Jennifer Sheridan made a little smile and shook her head as if I’d said three plus one is five and she was going to correct me. “No. That’s not possible.”

“I’m afraid that it is.”

“Where’s your proof?” Angry now. The older woman at the next table looked over. She frowned when she did. She had a lot of hair and the frown made her look like one of those lizards with the big frill.

I said, “Five minutes after you left my office yesterday, Mark came to see me. He had been following you. He explained to me that he was seeing someone else, and that he had not been able to bring himself to tell you. He asked me not to tell you this, but my obligation and my loyalty are to you. I’m sorry.” The detective delivers the death blow.

Jennifer Sheridan didn’t look particularly devastated, but maybe that was just me.

The waiter brought our food and asked Jennifer Sheridan if she’d like catsup for her french fries. She said yes and we waited as he went to the counter, found a bottle, and brought it back. Neither of us said anything and Jennifer Sheridan didn’t look at me until he had gone away. He seemed to know that something was wrong and frowned at me, too. The woman with the big hair was keeping a careful eye on our table.

When the waiter was gone, Jennifer Sheridan ate two french fries, then said, “For Mark to come to you and make up a story like this, he must be in bigger trouble than I thought.”

I stared at her. “You think he’s making it up?”

“Of course.”

I put down my fork and I looked at the niçoise.

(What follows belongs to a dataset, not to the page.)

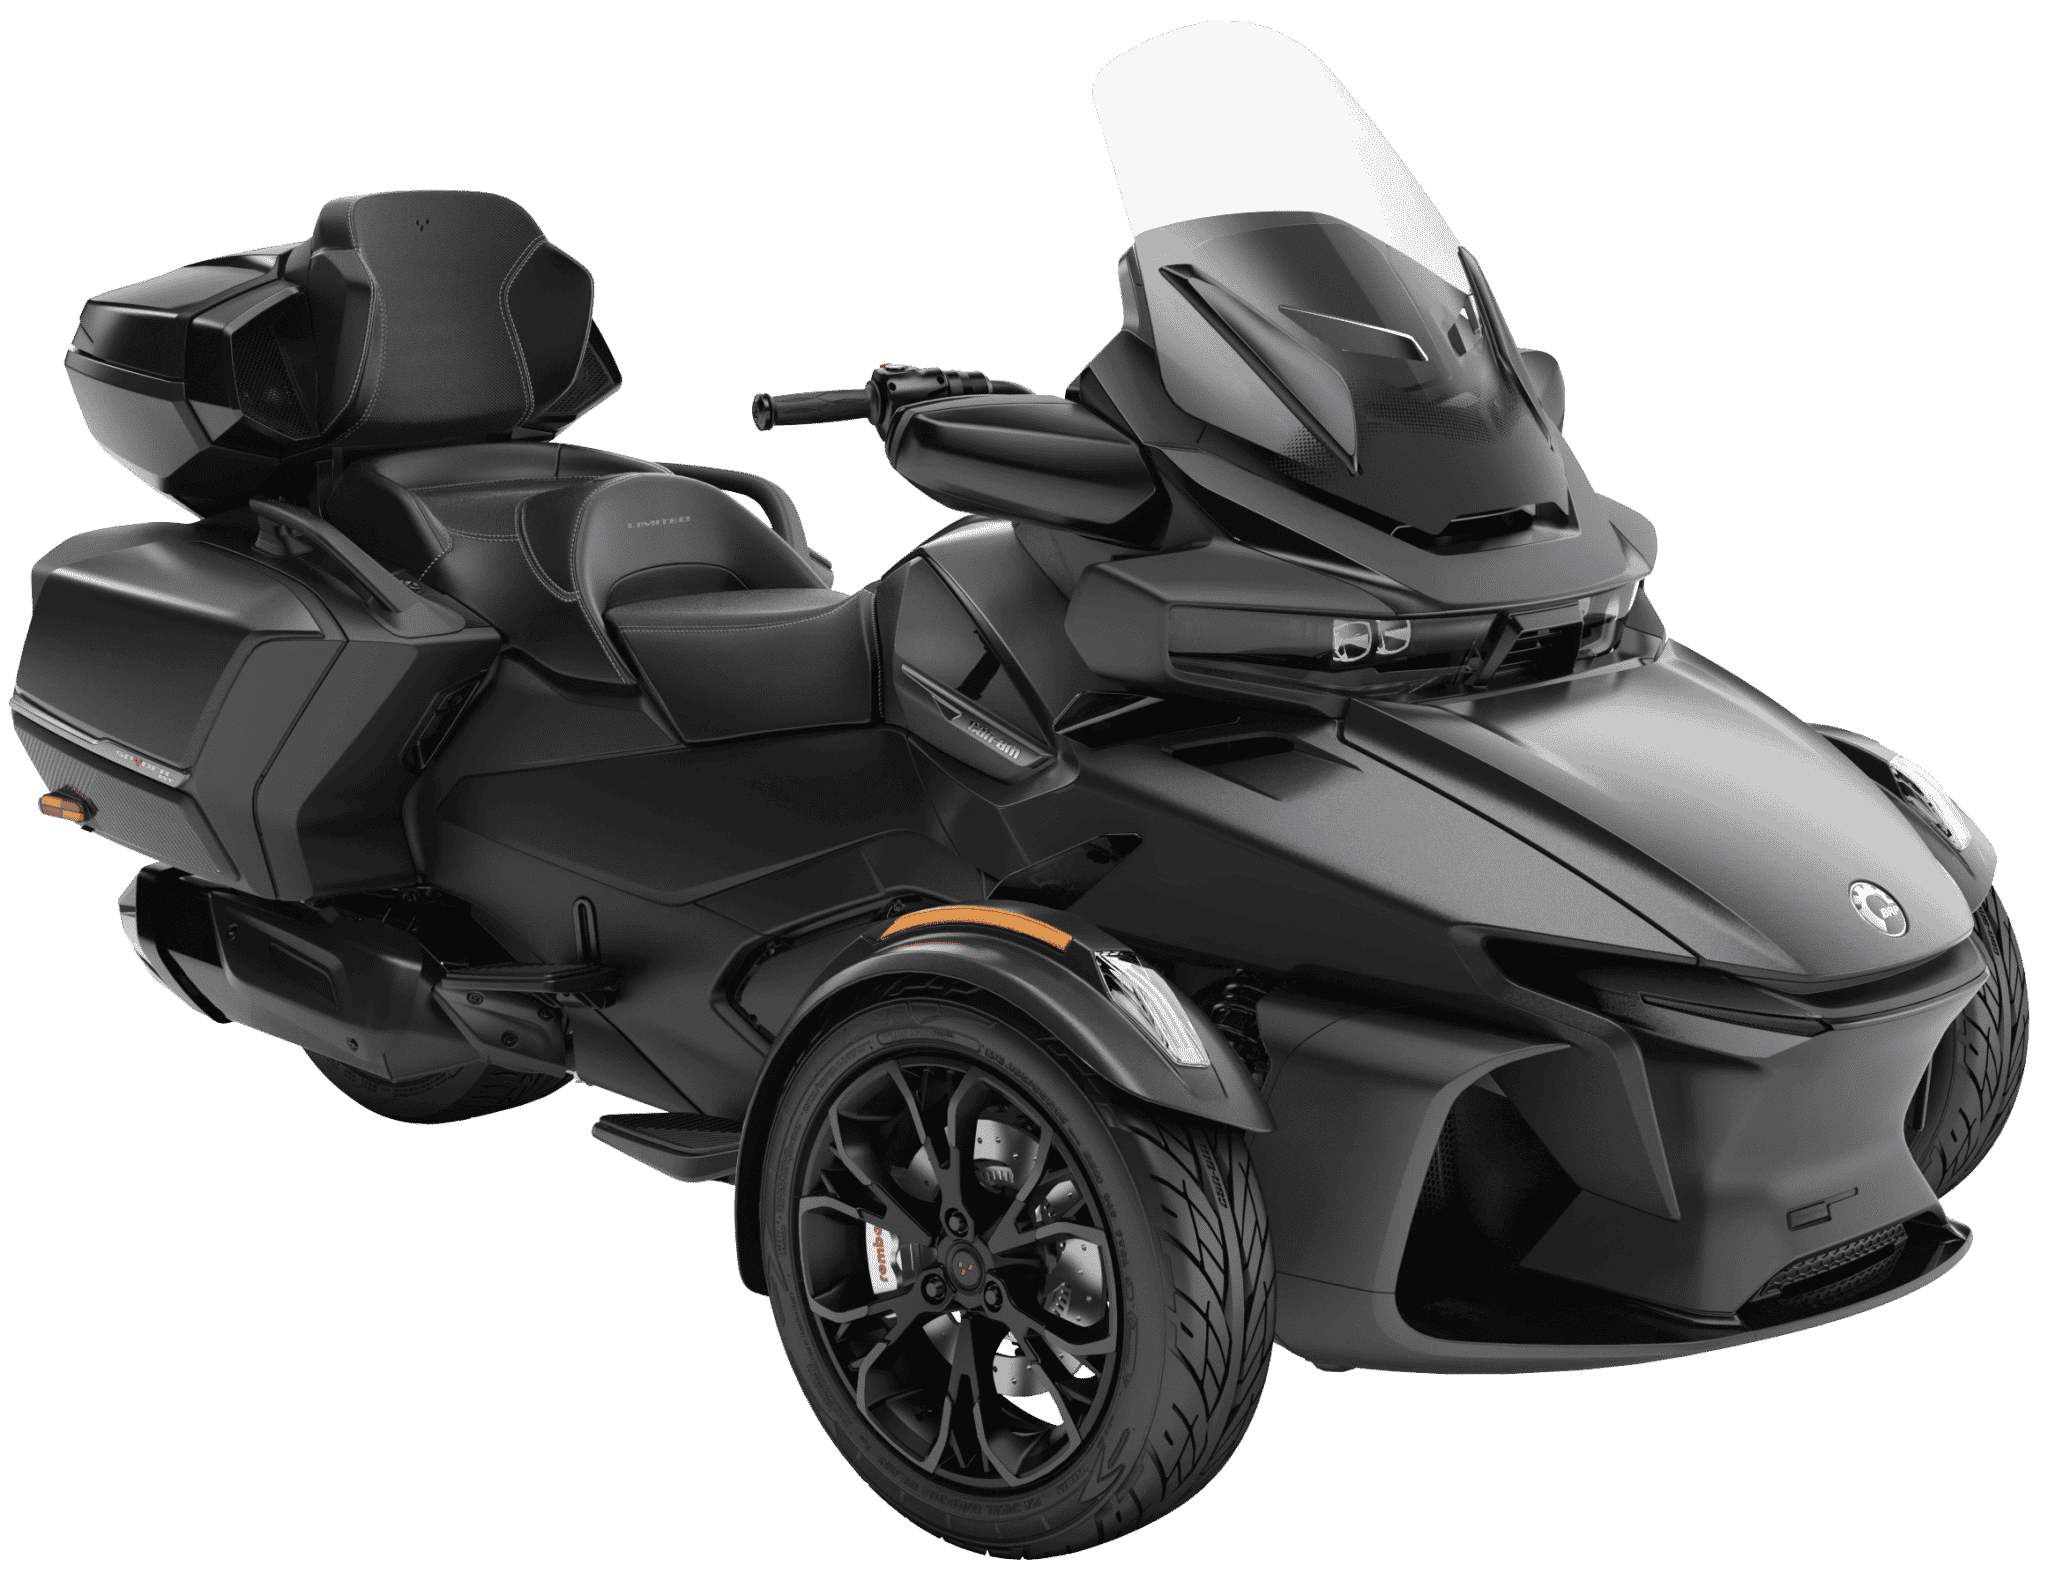 Nuevo Can-Am Spyder RT 2022 negro

It was a good-looking salad with freshly grilled ahi tuna, and I think I would’ve enjoyed eating it. Jennifer Sheridan had asked me for proof and I told her about my visit from Mark Thurman, but I hadn’t told her the
rest of it and I hadn’t wanted to. I said, “He’s not making this up.”

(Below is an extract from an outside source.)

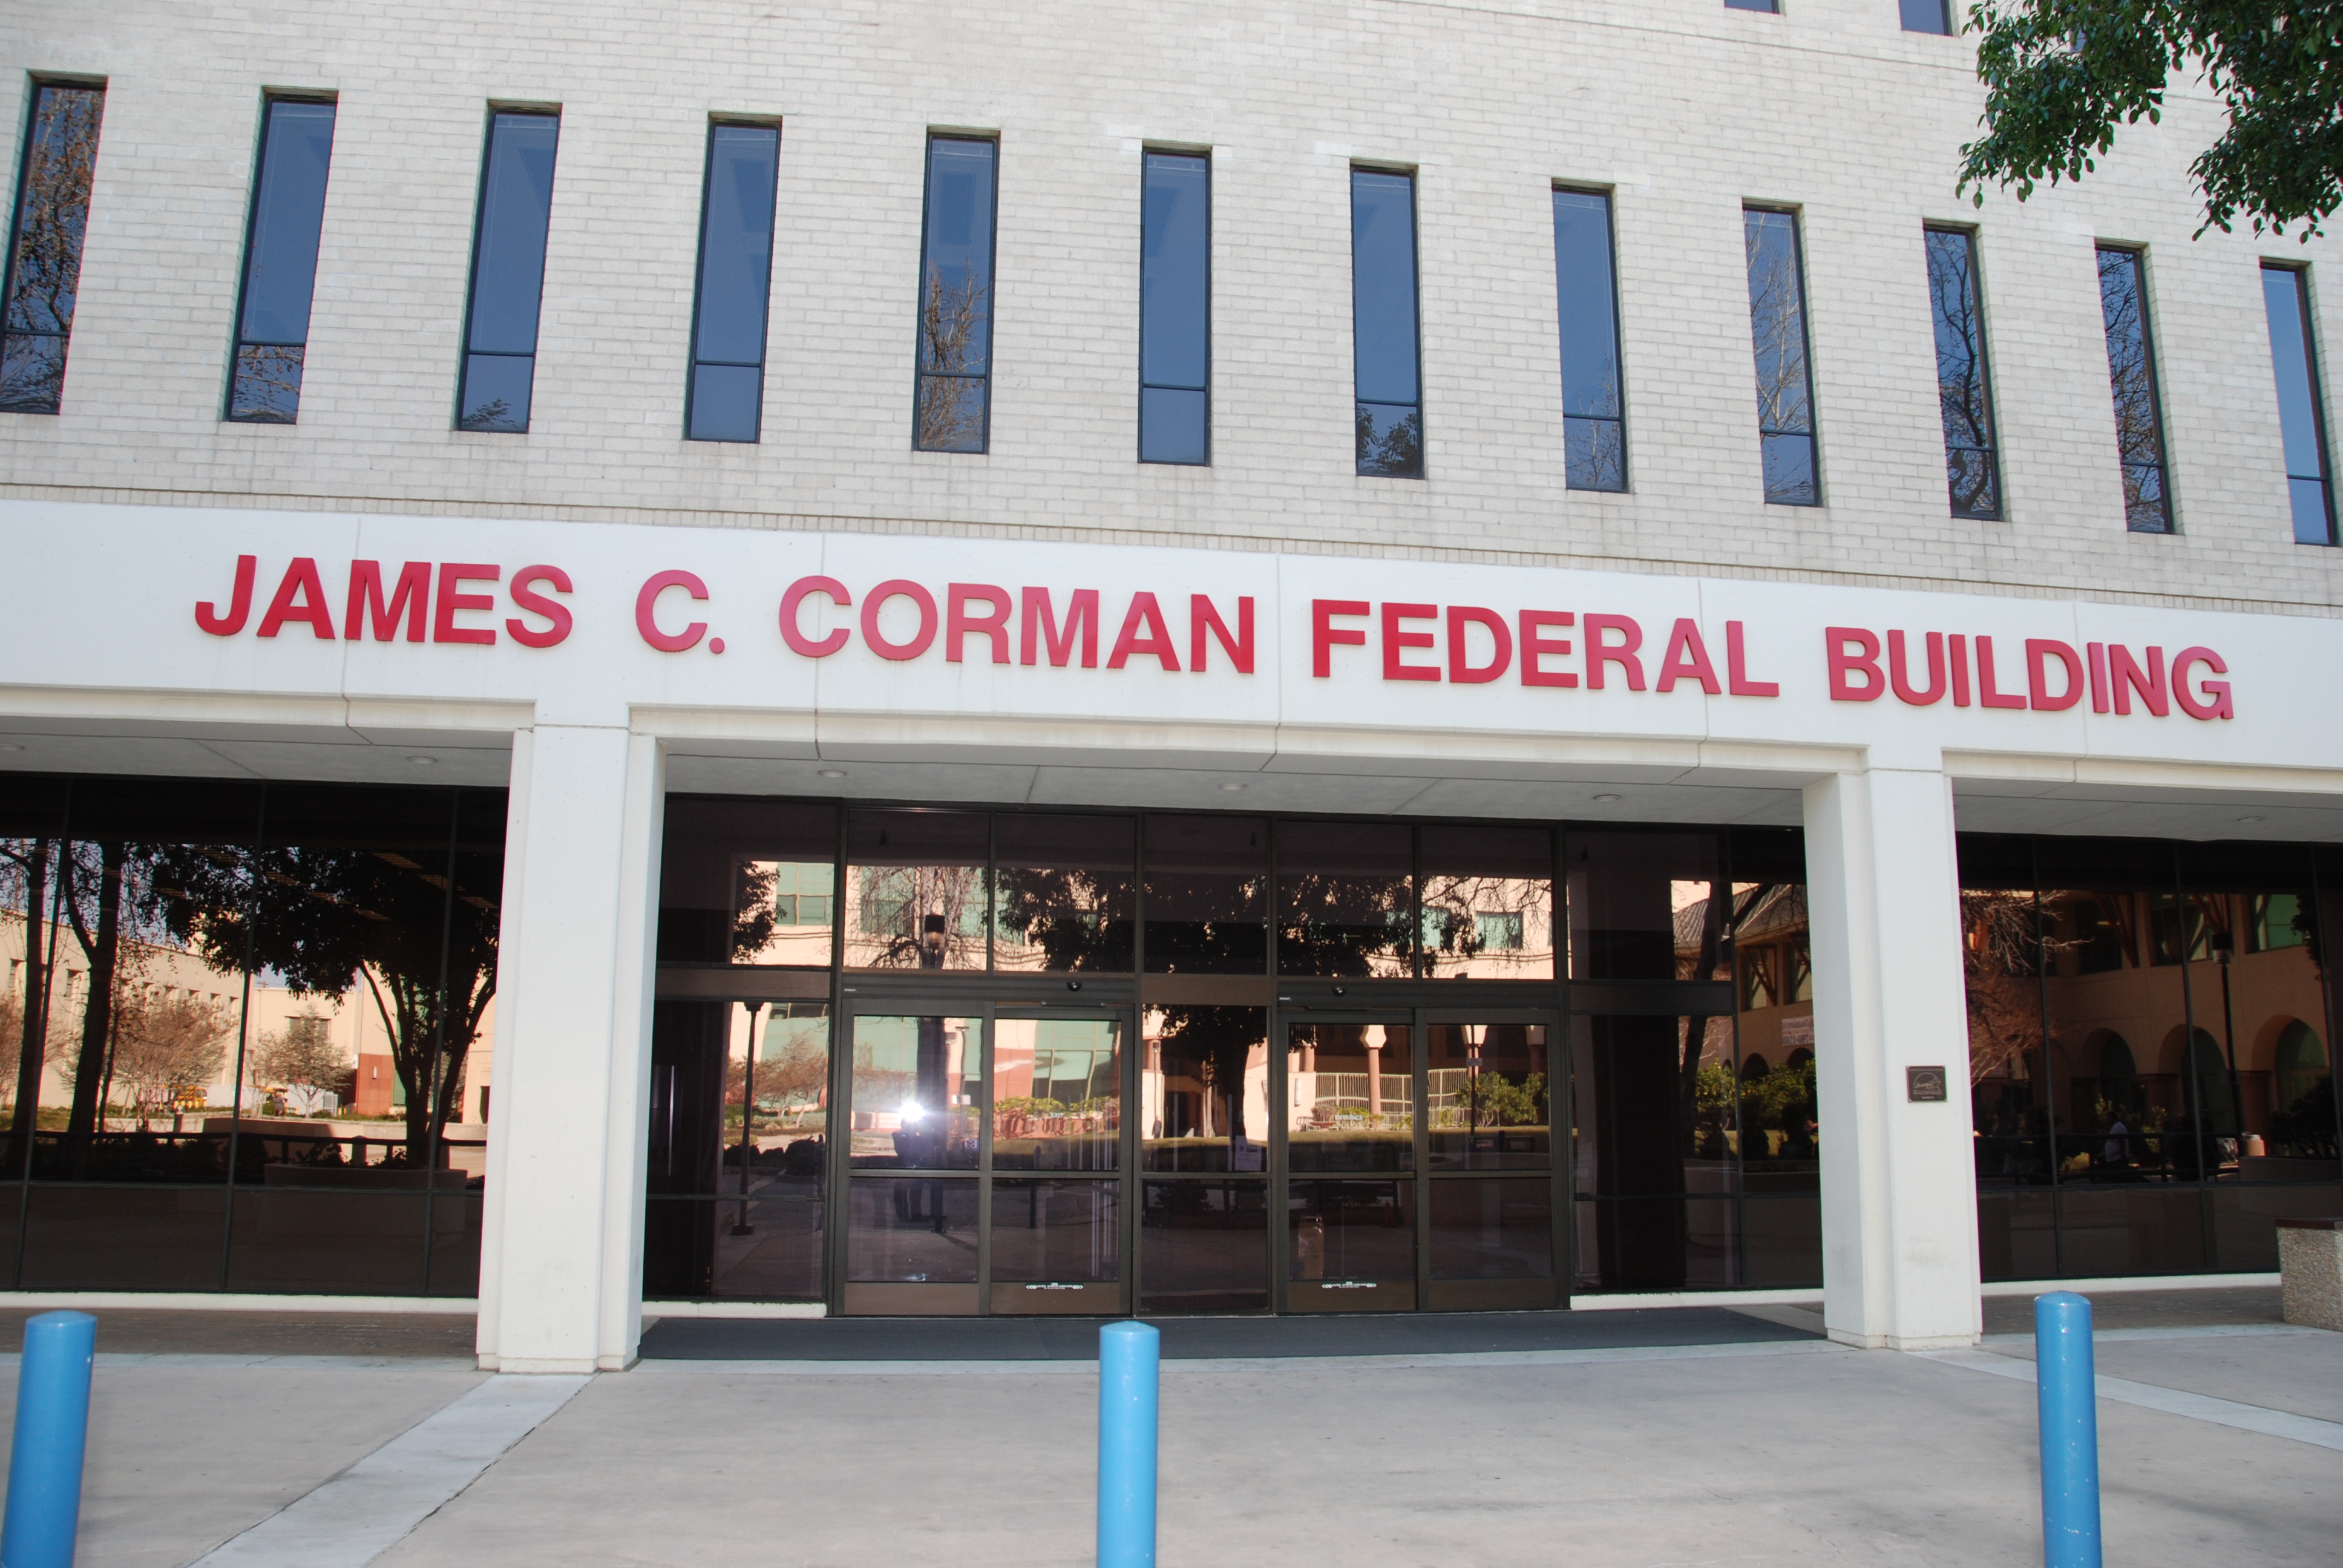 James C. Corman Federal Building

“Yes, he is. If you knew Mark, you’d know that, too.” Confident.

I nodded, and then I looked at the salad again. Then I said, “What size bra do you wear?”

She turned a deep shade of crimson. “Now you’re being ugly.”

“I put you at a thirty-four B. I went into Mark’s apartment to look through his bank papers and I found a thirty-six C-cup brassiere.”

She looked shocked. “You broke into his apartment? You went through his things?”

“That’s what private detectives do, Ms. Sheridan.”

She put her hands in her lap. “It isn’t real.”

“It was a red Lily of France brassiere. I held it. It was real.”

She shook her head. “That’s not what I mean. They knew you would look so they planted it there to make you think he was seeing another woman. What do they call it? A false lead?”

“Later that evening, I staked out a country-and-western bar called Cody’s. It’s a place where the police officers who work with Mark tend to gather. At a little bit after eight last night, Mark and his partner Floyd Riggens arrived. Mark was with a tall woman with dark brown hair.” I felt bad telling her and the bad feeling was oily and close, but there didn’t seem to be any other way.

“And?”

“I wish I had better news, but there it is. I have looked into the matter and this is what I have found. I think my work here is done.”

“You mean you’re quitting?”

“The case is solved. There’s nothing left to do.”

Jennifer Sheridan’s eyes welled and her mouth
opened and she let out a long loud wail and began to cry. The woman with the big hair gasped and looked our way and so did most of the other people in the restaurant.